Even though RStudio is very popular, it is not the only IDE for R. RKWard is an alternative IDE, aimed at easier learning of R for people coming from other statistical software, such as SPSS. It includes menus for common statistical analysis algorithms, such as getting descriptive statistics, running statistical tests, and making plots. It also includes an editor for data tables. RKWard is an open-source native desktop app that is developed on Linux, but has also been ported to other platforms, including Windows.

Furthermore, there are cross-language GUIs/IDEs, such as Jupyter, whose name is a portmanteau of Julia, Python and R. Jupyter can run different language interpreters, what it calls kernels, for each script that is open, therefore scripts in multiple languages can be edited at the same time in the same interface.

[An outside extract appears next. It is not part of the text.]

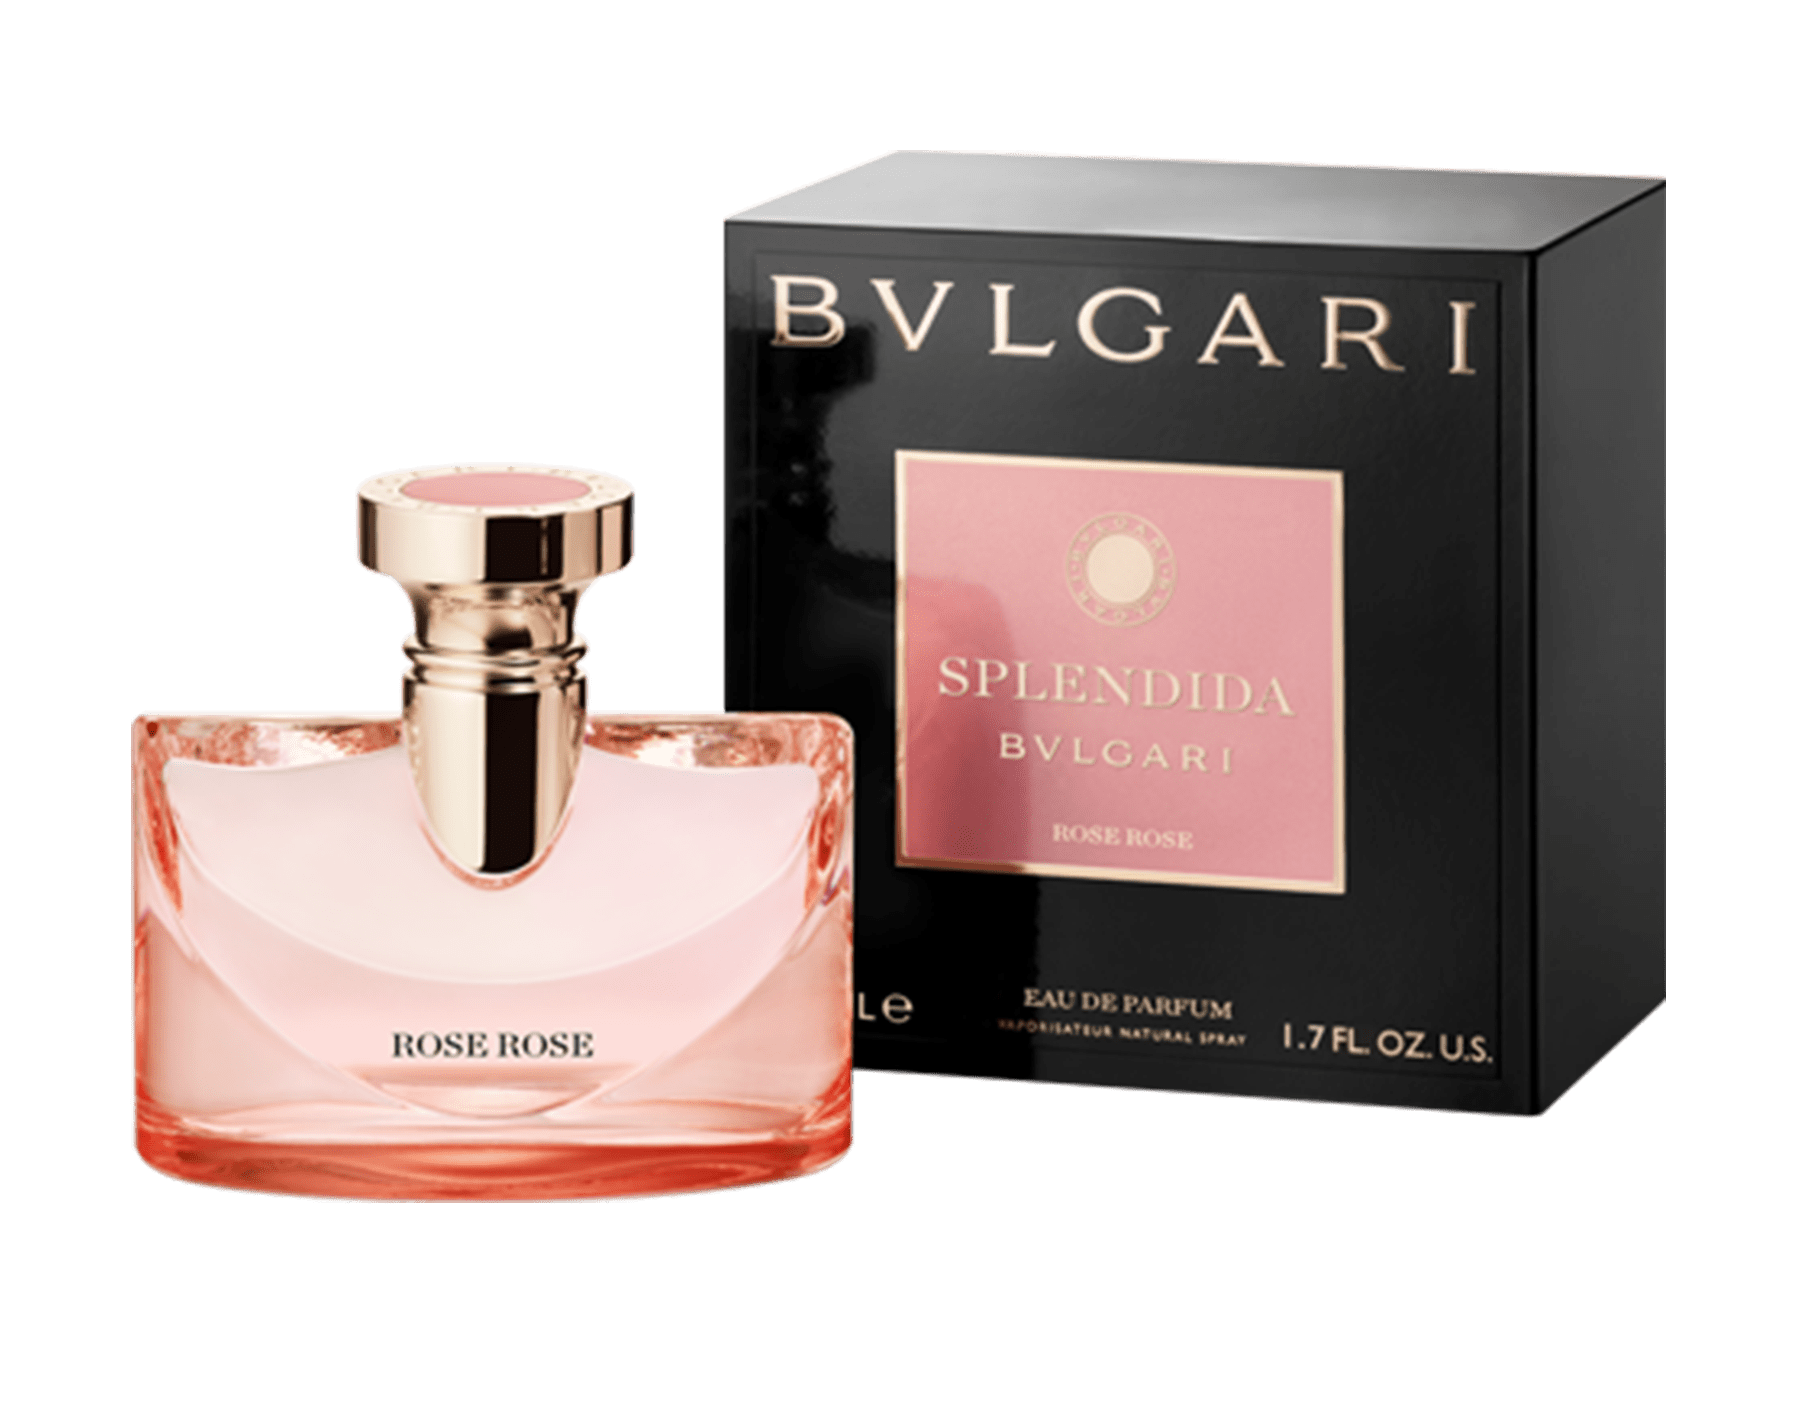 bvlgari perfume splendida

One thing to keep in mind is that there is a distinction between a programming language, such as R, and its IDEs, such as RStudio. Which IDE you use is up to your own personal preference. Which IDE you used to develop code does not matter, because in the end you just have an R script that can be run on any of the IDEs, or directly from the command line. What does matter is that the script is written in the R language, as the users will need to have the R interpreter installed in order to run the script. Likewise, the packages that you use in your script are also important, as the users will need to install them before they can run your script. Therefore, whenever you refer to scripts and packages, for instance when writing a thesis, you need to specify what language the scripts are written in, and what packages (and ideally what versions) you used. You should not mention which IDE you used, as that is irrelevant to the readers. For example, you should not write "the scripts are written in RStudio", but rather, you should write "the scripts are written in R, using package lattice version 0.22". In fact, you should also cite the authors of the language and the packages you used. R includes a handy function citation() to help you cite:

citation()
## To cite R in publications use:
## 
##   R Core Team (2025). _R: A Language and Environment for Statistical
##   Computing_. R Foundation for Statistical Computing, Vienna, Austria.
##   <https://www.R-project.org/>.
## 
## A BibTeX entry for LaTeX users is
## 
##   @Manual{,
##     title = {R: A Language and Environment for Statistical Computing},
##     author = {{R Core Team}},
##     organization = {R Foundation for Statistical Computing},
##     address = {Vienna, Austria},
##     year = {2025},
##     url = {https://www.R-project.org/},
##   }
## 
## We have invested a lot of time and effort in creating R, please cite it
## when using it for data analysis. See also 'citation("pkgname")' for
## citing R packages.

It also works on packages:

citation("lattice")
## To cite package 'lattice' in publications use:
## 
##   Sarkar D (2008). _Lattice: Multivariate Data Visualization with R_.
##   Springer, New York. ISBN 978-0-387-75968-5,
##   <http://lmdvr.r-forge.r-project.org>.
## 
## A BibTeX entry for LaTeX users is
## 
##   @Book{,
##     title = {Lattice: Multivariate Data Visualization with R},
##     author = {Deepayan Sarkar},
##     year = {2008},
##     publisher = {Springer},
##     address = {New York},
##     isbn = {978-0-387-75968-5},
##     url = {http://lmdvr.r-forge.r-project.org},
##   }

There are more IDEs, such as R Commander, but we will not be talking about them within the scope of this course. Nevertheless, feel free to use whichever IDE is your favourite!

As a sidenote, IDEs can change how certain commands in R work. For instance, there are two commands in R that load packages: library() and require(). Most IDEs make no difference between the two; require() just gives a warning if it can’t load a package, whereas library() stops with an error. However, in RKWard, running require() on a package that does not exist will result in its package management dialogue opening with the required packages preselected for installation, and closing the dialogue will result in a successful loading of the package (if it was installed successfully). Therefore, do not use require("package") to check if package is installed, otherwise it will be installed twice under RKward. Instead, you can use "package" %in% installed.packages().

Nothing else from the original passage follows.